Wednesday, February 08, 2012

Fixing the Fatalism


Fun trivia fact: this is a Presidential election year.  But you wouldn’t know it from walking around campus.  

Have you seen any meaningful student political activity on your campus so far this year?  I haven’t.  (Admittedly, I don’t work in Iowa.)  

I don’t think it’s because of general contentment.  The recession is still very much in force from the perspective of people trying to get their first real job, and students have felt the effects -- I hope not too strongly, but still -- of increased tuition/fees and certain budget cuts.  Half of the students on campus get some level of Pell grant, so we’re not talking about the anesthetized affluent here.

And it doesn’t seem to be because they’re more caught up in state and/or local politics, either.  

I’ve heard talk at the national level of encouraging more student civic engagement, though most of that has been concentrated in the four-year liberal arts college sector, rather than community colleges.  And even there, the talk I’ve heard has struck me as sort of tangential to what needs to be done.  It’s fine as far as it goes, but there’s a more basic issue to address first.

For lack of a better term, I’ll call it “standing.”  It’s a sense that the larger social and political world is theirs to address.  Many of them simply don’t have it.

The faculty have seen the same thing.  One professor who teaches some wonderfully thoughtful approaches to politics and the economy reports that her students are willing to engage when she discusses problems with them, but turn fatalistic when she turns to possible solutions.  They’ve developed a sort of shrug.  

To me, that’s a much larger issue than the usual statistics about the percentage of students who know, say, how many justices are on the Supreme Court.  Yes, they should know that, but they’ll learn it when they want to know it.  The trick is getting them to want to know it.  When they have a context in which it matters, they’ll get the facts.

I just don’t know how to break through the fatalism.  Filling in the facts without fixing the fatalism (say that five times fast!) doesn’t seem likely to achieve much.  And color me skeptical that encouraging volunteerism -- as worthy as that is on its own terms -- is the same thing.  Volunteerism can achieve wonderful things, but it doesn’t leverage state power.  And if students here don’t leverage state power, others will.

In this light, the trend to try to reduce community colleges to workforce training centers strikes me as potentially undemocratic.  Training is valuable, and there are students for whom it’s a great choice.  But we also need time and space to convey to students a sense of belonging when the big social and political questions come up.  If they’re going to be citizens, they need to feel welcome in the role.

Initial forays into politics are often callow and retrospectively embarrassing.  That’s okay; it’s a stage in the maturation process.  Better to make those rookie mistakes in a relatively safe setting.  

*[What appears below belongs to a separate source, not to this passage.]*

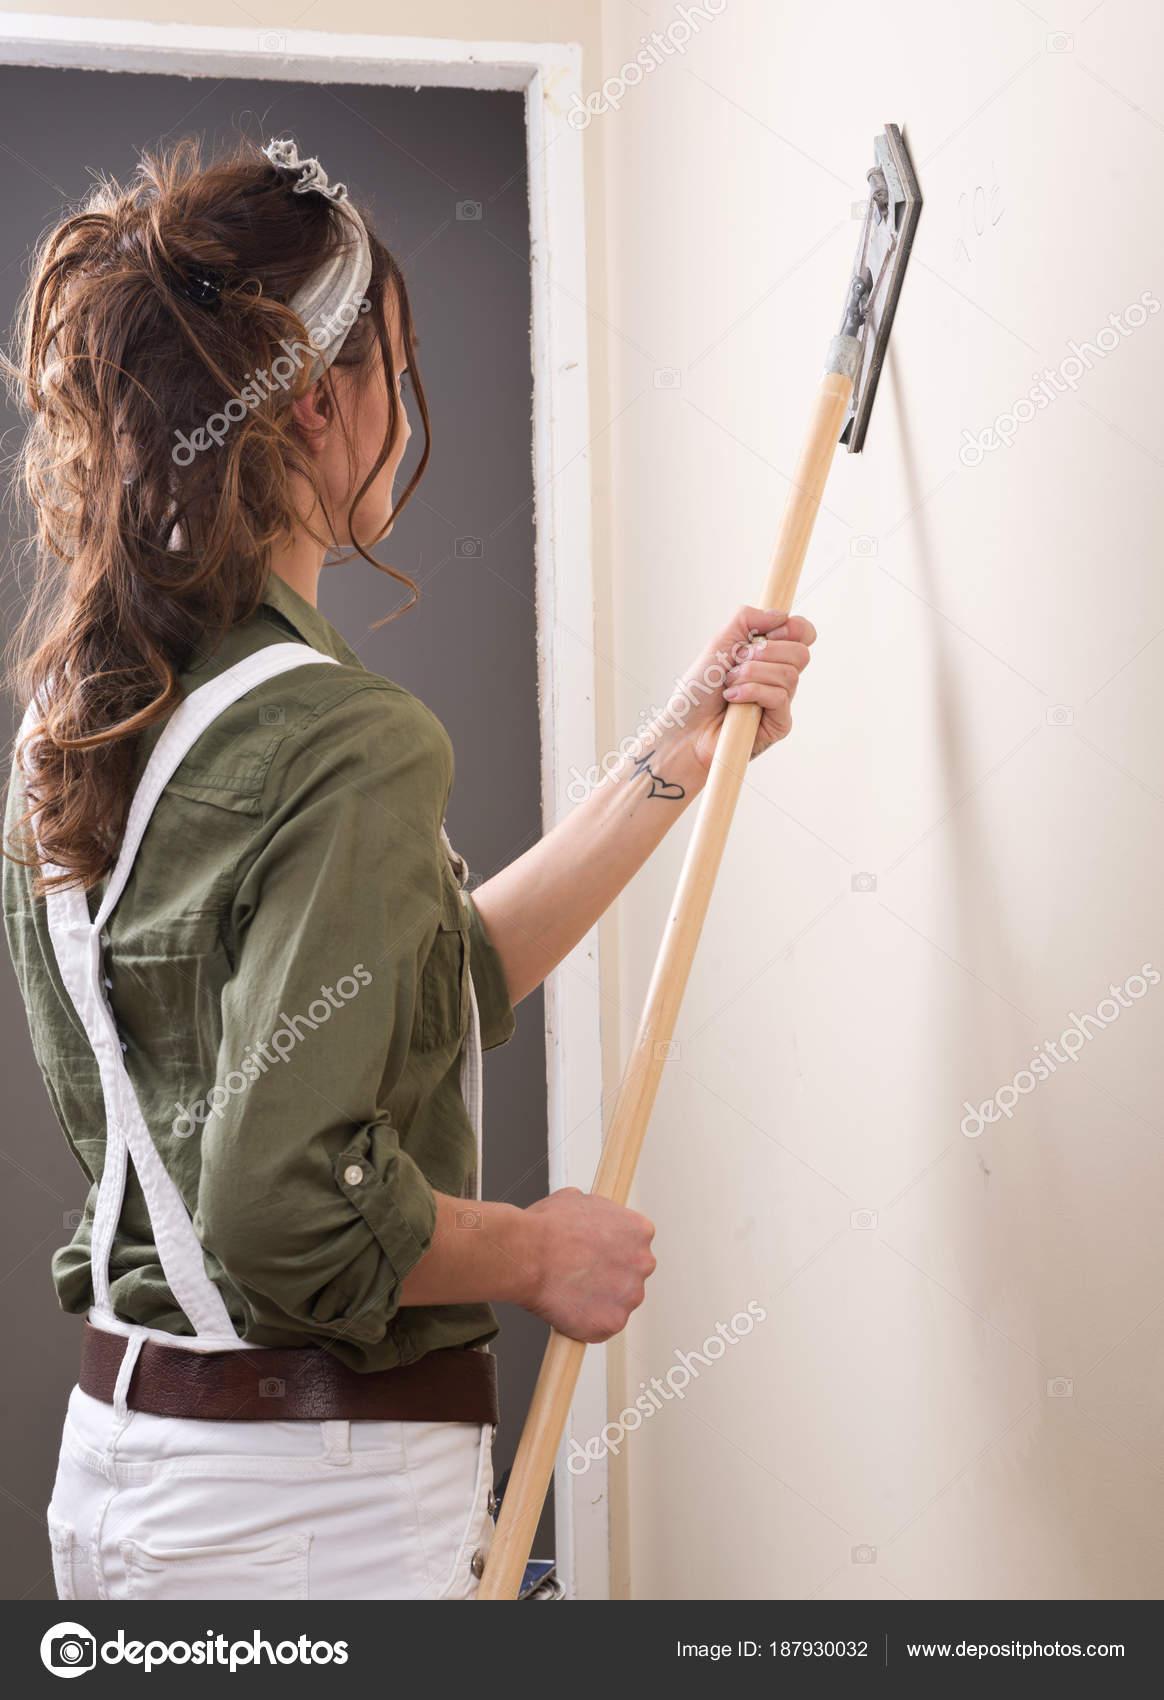 Jeune Femme Est Poncer Mur Avec Ponceuse De Poteau Avant De Peindre Dans La  Maison Sous Le Remodelageu2013 Images De Stock Libres De Droits

That’s especially true when you consider the student body that community colleges tend to attract.  Bluntly, our population is much more low-income and multiracial than the student body at most four-year colleges, and particularly when compared to the elite colleges that tend to get the spotlight in national initiatives for civic engagement.  If the kids from elite backgrounds acquire a sense of political efficacy, and the kids who need Pell grants don’t, it’s easy to project future political consequences.  If we’re serious about civic engagement, this is where we need to start.  The kids at Swarthmore will be fine; the kids at the Community College of Philadelphia, I’m not entirely sure.